17 Feb 2018-16 Feb 2019

A monthly Saturday Reading Group for all, exploring Iniva's library collection.

Join us in the Stuart Hall Library for our monthly Saturday Reading Group facilitated by Senior Library Assistant Lexi Frost.

Readings are selected from requests and suggestions made in advance by attendees, and draw upon the rich, wide-ranging collections of the Stuart Hall Library, which holds a unique collection of diasporic material and postcolonial writings from all over the globe.

We will be exploring texts from books on non-western critical theory with a political and international focus, as well as articles, short essays and zines on contemporary art and visual culture.

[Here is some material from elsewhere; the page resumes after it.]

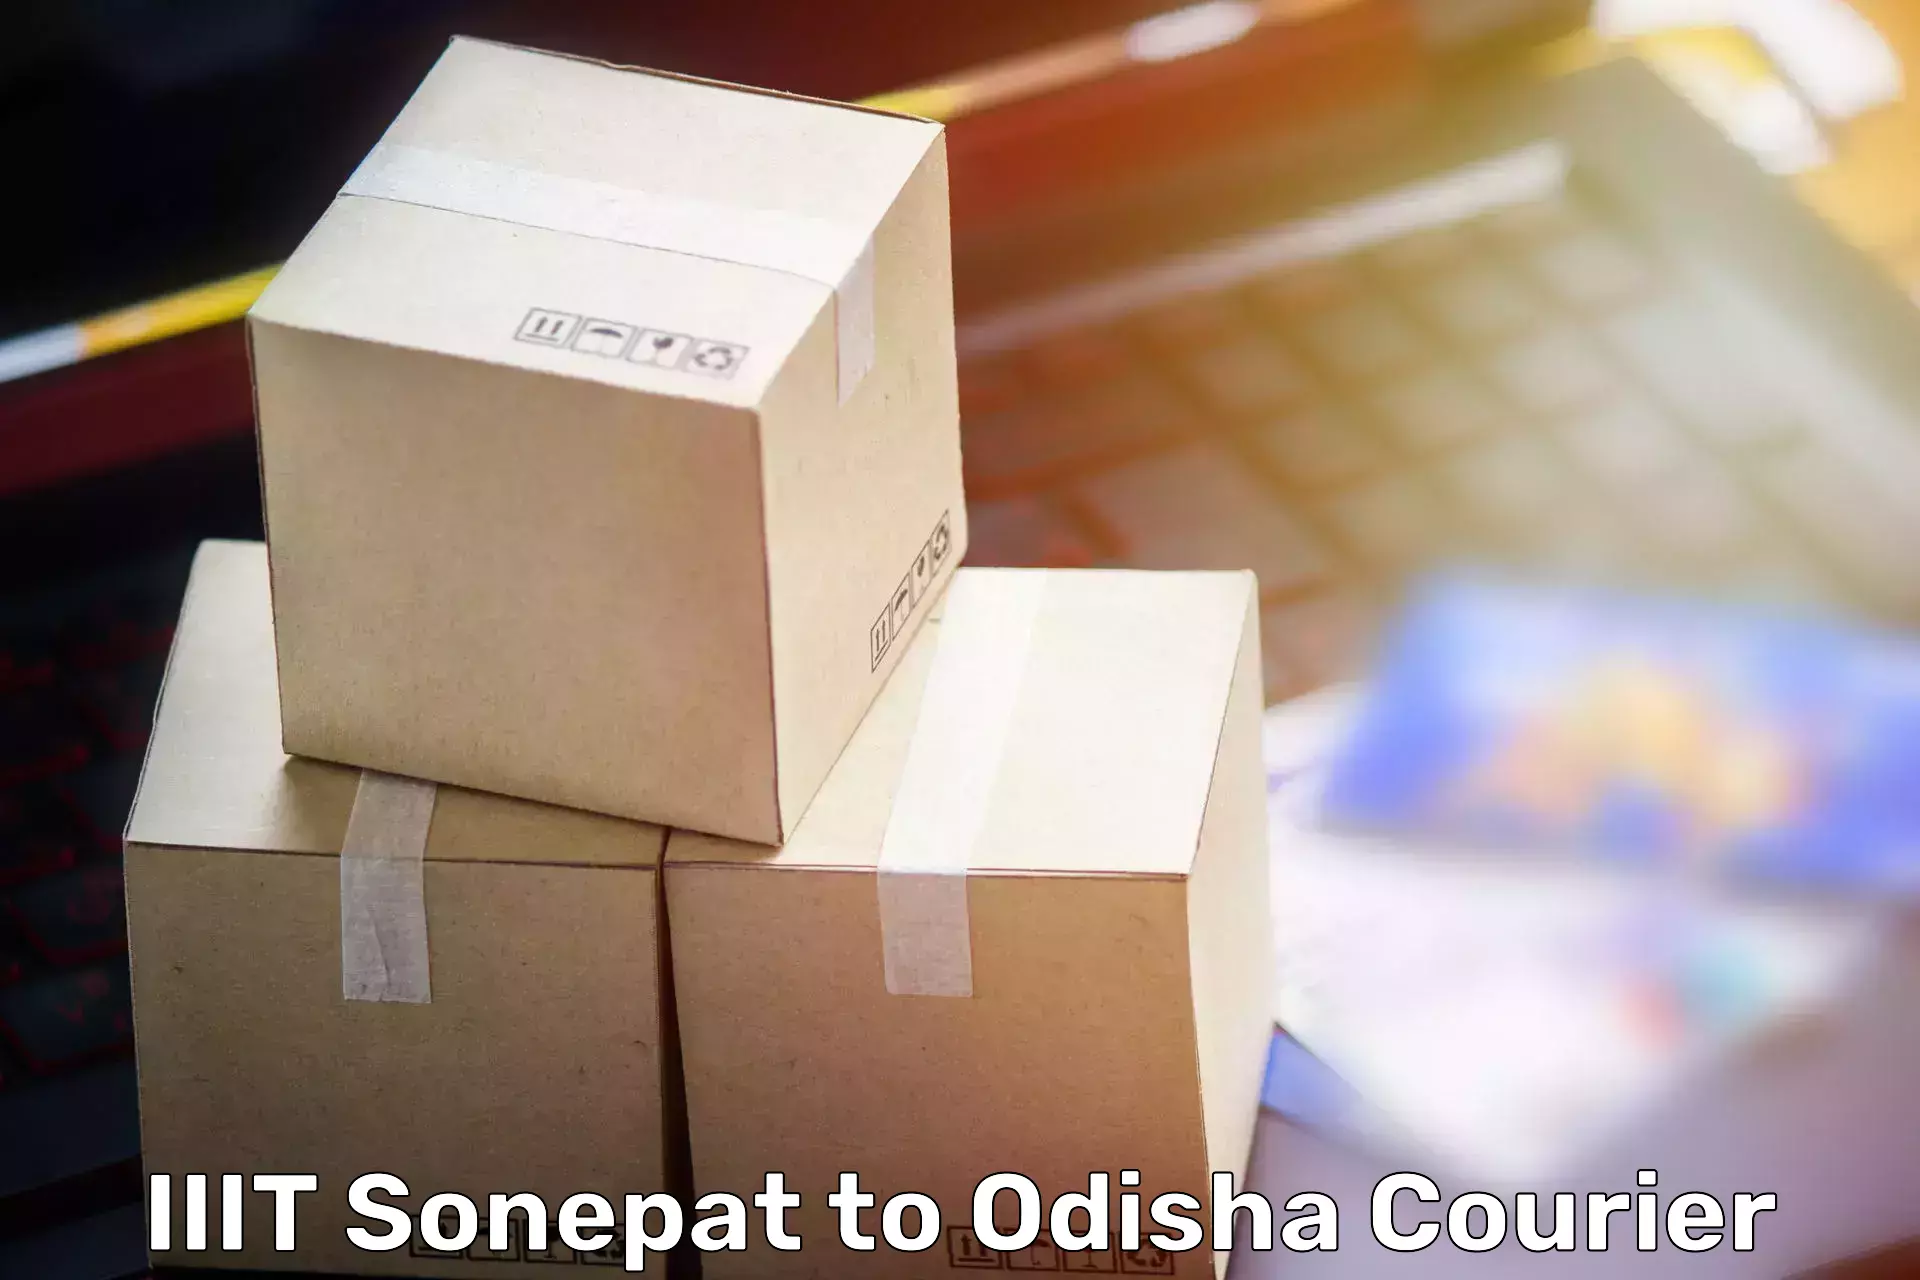 Efficient moving company IIIT Sonepat to Agarpada

This is an informal event where reading takes place together, so you don’t need to read anything in advance.

 

We usually meet on the third Saturday of the month, between 15:00 and 17:00 in the library. Please see the individual event pages for booking details. The reading group is free and open to all.

 

The reading group list is below, including past and future reading material. We welcome new suggestions. Email library@iniva.org if you would like to make a recommendation for reading.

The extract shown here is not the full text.